If Greitens and Blunt were capturing all of the Trump supporters as well, both would have decent leads over their Democratic rivals. They do not.
The GOP also is trying to lump all of Missouri’s statewide Democrats together as well, largely so the Democrats can be tied to their presidential nominee, Hillary Clinton, who Republicans expect to lose –at least in Missouri.
Republicans hope the Clinton link will be particularly potent since Friday's bombshell that the FBI is examining recently unearthed emails that may or may not be linked to the earlier federal probe that dealt with her private internet server and whether she had inappropriately handled classified materials. She was not charged.
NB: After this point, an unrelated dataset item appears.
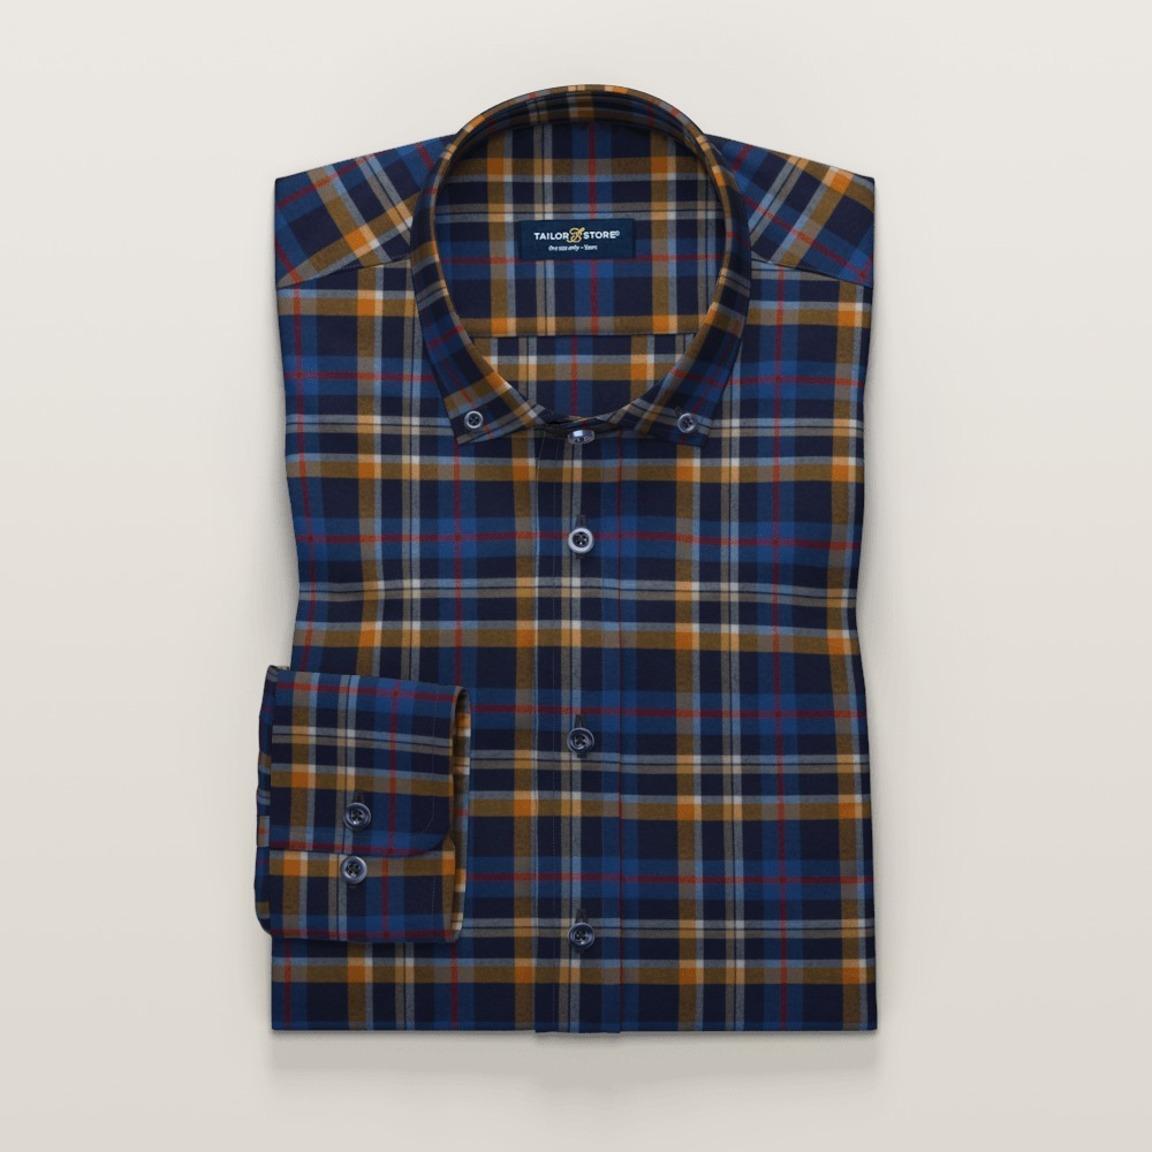 Marineblaues und orangefarbenes Hemd aus kariertem Twill

U.S. Rep. Blaine Luetkemeyer, R-St. Elizabeth, compared the new FBI examination to the Wizard of Oz, and recalled the scene where Dorothy’s dog pulls back the curtain on the ordinary man pretending to be the powerful wizard.
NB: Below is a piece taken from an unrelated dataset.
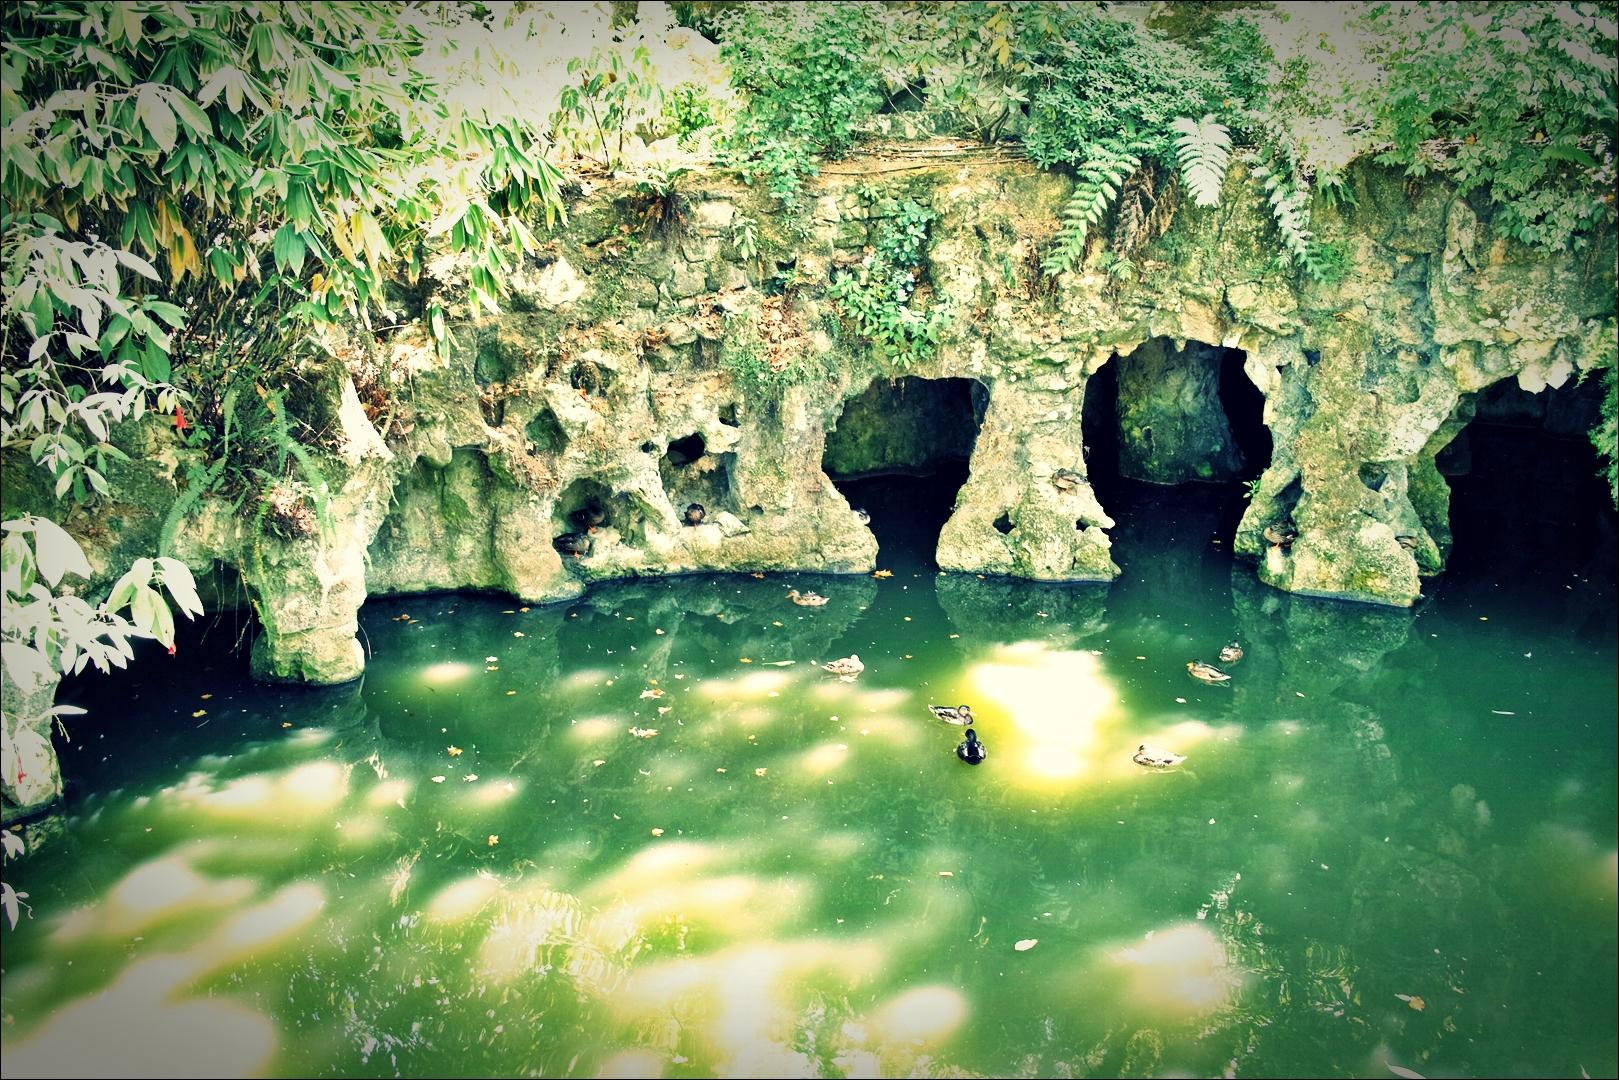 호수-'헤갈레이라 별장(Quinta da regaleira)'

“We had the curtain pulled back by a little dog called the ‘Wiener dog,’ " the U.S. representative said, referring to former New York congressman Anthony Wiener, on whose laptop the emails were discovered. Wiener is the estranged husband of Clinton aide Huma Abedin.
The FBI has yet to examine the emails, and some agency officials say it’s unclear if any are tied to Clinton.
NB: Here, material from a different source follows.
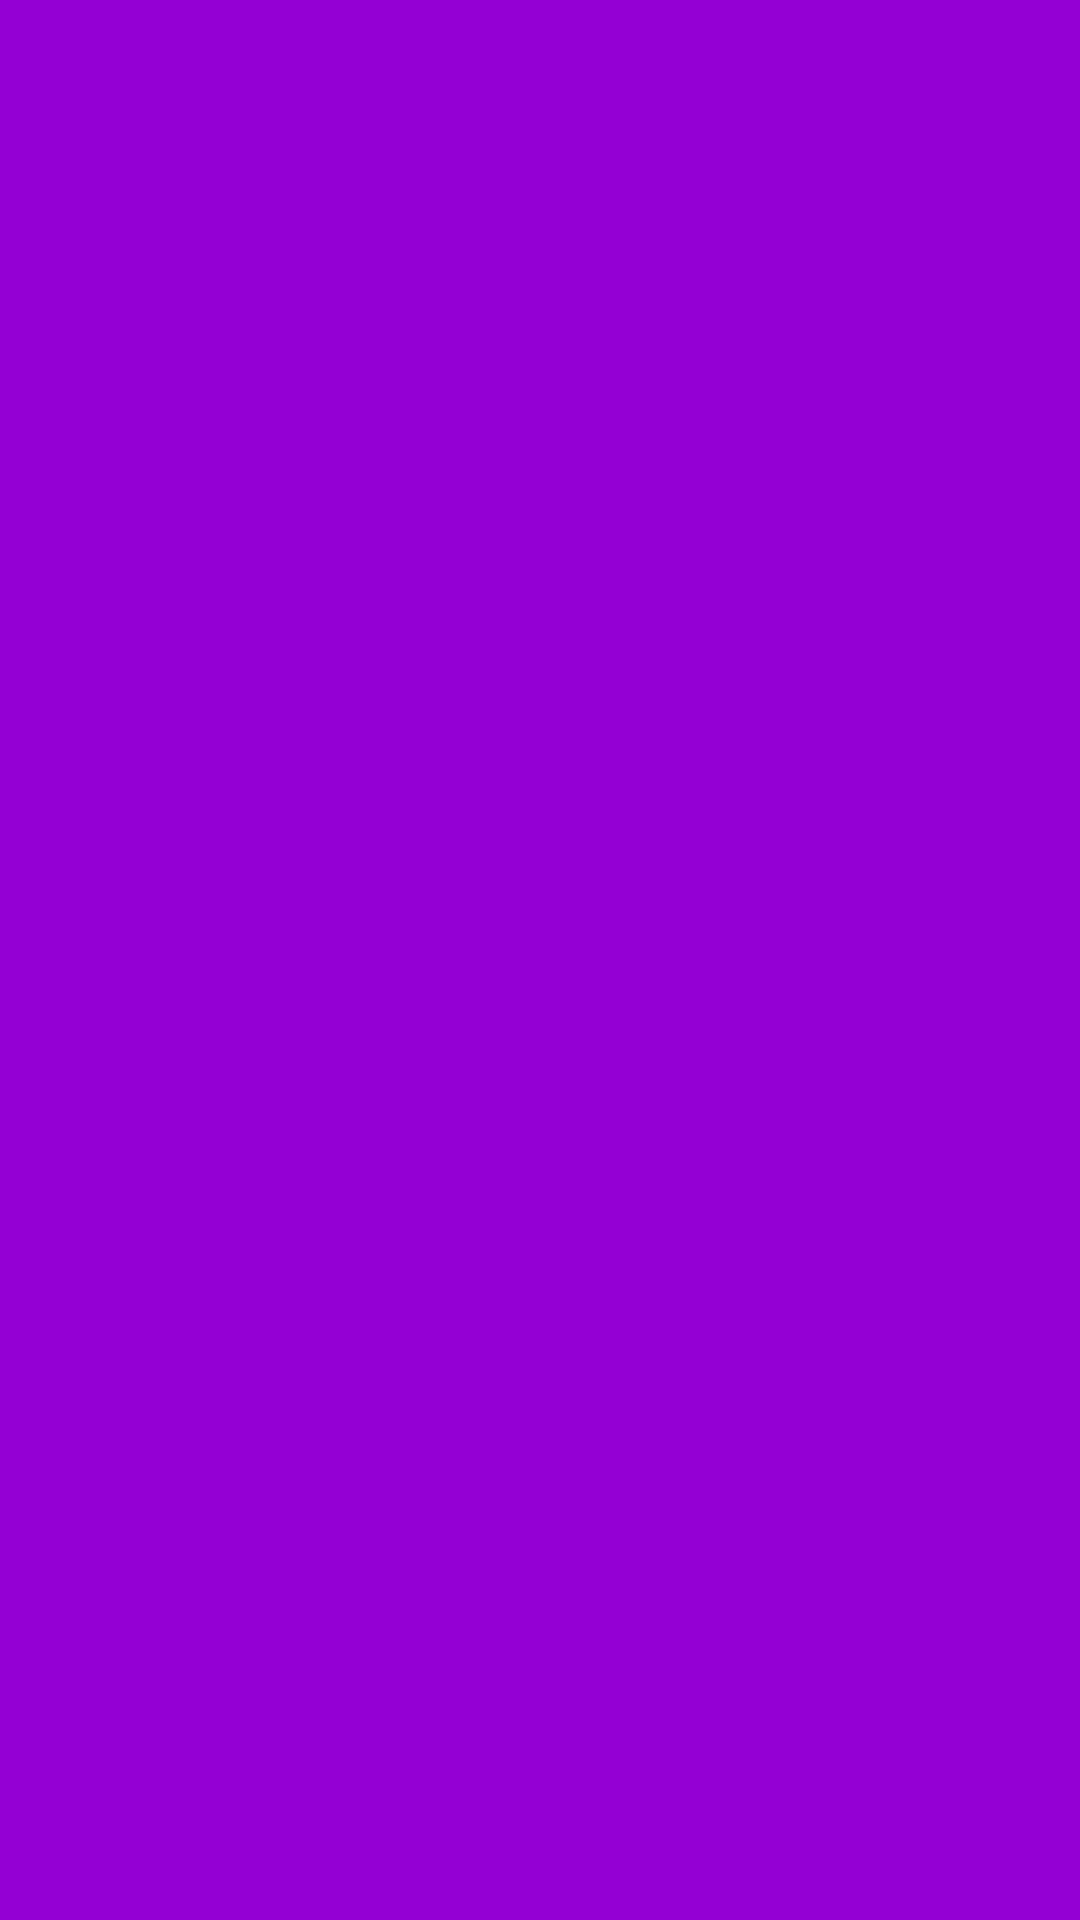 1080x1920 Dark Violet Solid Color Background

But Luetkemeyer asserted, “Hillary has finally been tripped up. … We really know what she’s been up to, how she thinks. At some point, she is going to get her ‘just due.’”
His audience cheered, with some launching into the “Lock her up!” chant that has been popular with some Republicans for months.
Several speakers, including Greitens, noted that a Clinton political action committee has donated $500,000 to aid Missouri’s statewide Democratic ticket.
Walker unpopular with labor
Walker, in office since he won in 2010, has been a polarizing figure in the labor movement. Among other things, he led the fight to put in place a “right-to-work" law in Wisconsin, which bars unions and employers from requiring all workers in a bargaining unit to pay dues or fees.
Walker alluded to his efforts to curb labor rights indirectly Sunday. He contended that Wisconsin has a lower unemployment rate than Missouri – 4.1 percent to Missouri’s 5.2 percent – because of “a change a few years back.”
Walker said that Greitens holds similar views and will “clean up the mess in state government and make this state great again.”
Greitens called Walker “a perfect example of a strong conservative who stood against special interests, took on the status quo and got results for families.” Greitens added that, if elected, he'd commit to doing the same.
Greitens has repeatedly promised to sign a “right to work’’ law in Missouri. Gov. Jay Nixon has blocked several efforts by the General Assembly’s GOP majority to put such a measure into effect.
Missouri AFL-CIO President Mike Louis contended in a statement Sunday that Walker’s own presidential bid fizzled because of “his anti-working people policies. ... I’m glad he is here. It clearly demonstrates that Eric Greitens is cut from the same cloth. Greitens policies would endanger our paychecks and our safety at work.”
At the rally, Greitens repeated his longstanding attacks against Koster, such as pointing out that a sizable chunk of Koster’s campaign money has come from unions.
Greitens has called Koster “corrupt" and asserted Sunday that Koster’s counterattacks have been launched because Koster “is clearly desperate because his 22-year career in politics is coming to an end.”
Greitens and Walker slammed Koster’s support for expanding Medicaid in the state, as recommended by the federal Affordable Care Act, also known as Obamacare. Walker also has blocked Medicaid expansion in Wisconsin.
Koster’s campaign replied, in part, “Scott Walker and Eric Greitens are a perfect pair. Just like Walker, Eric wants to cut funding for public schools, fight against fair wages for workers, and withhold resources from hospitals in need. Both have also shown they will do absolutely anything to feed their ambitions to climb the political ladder.”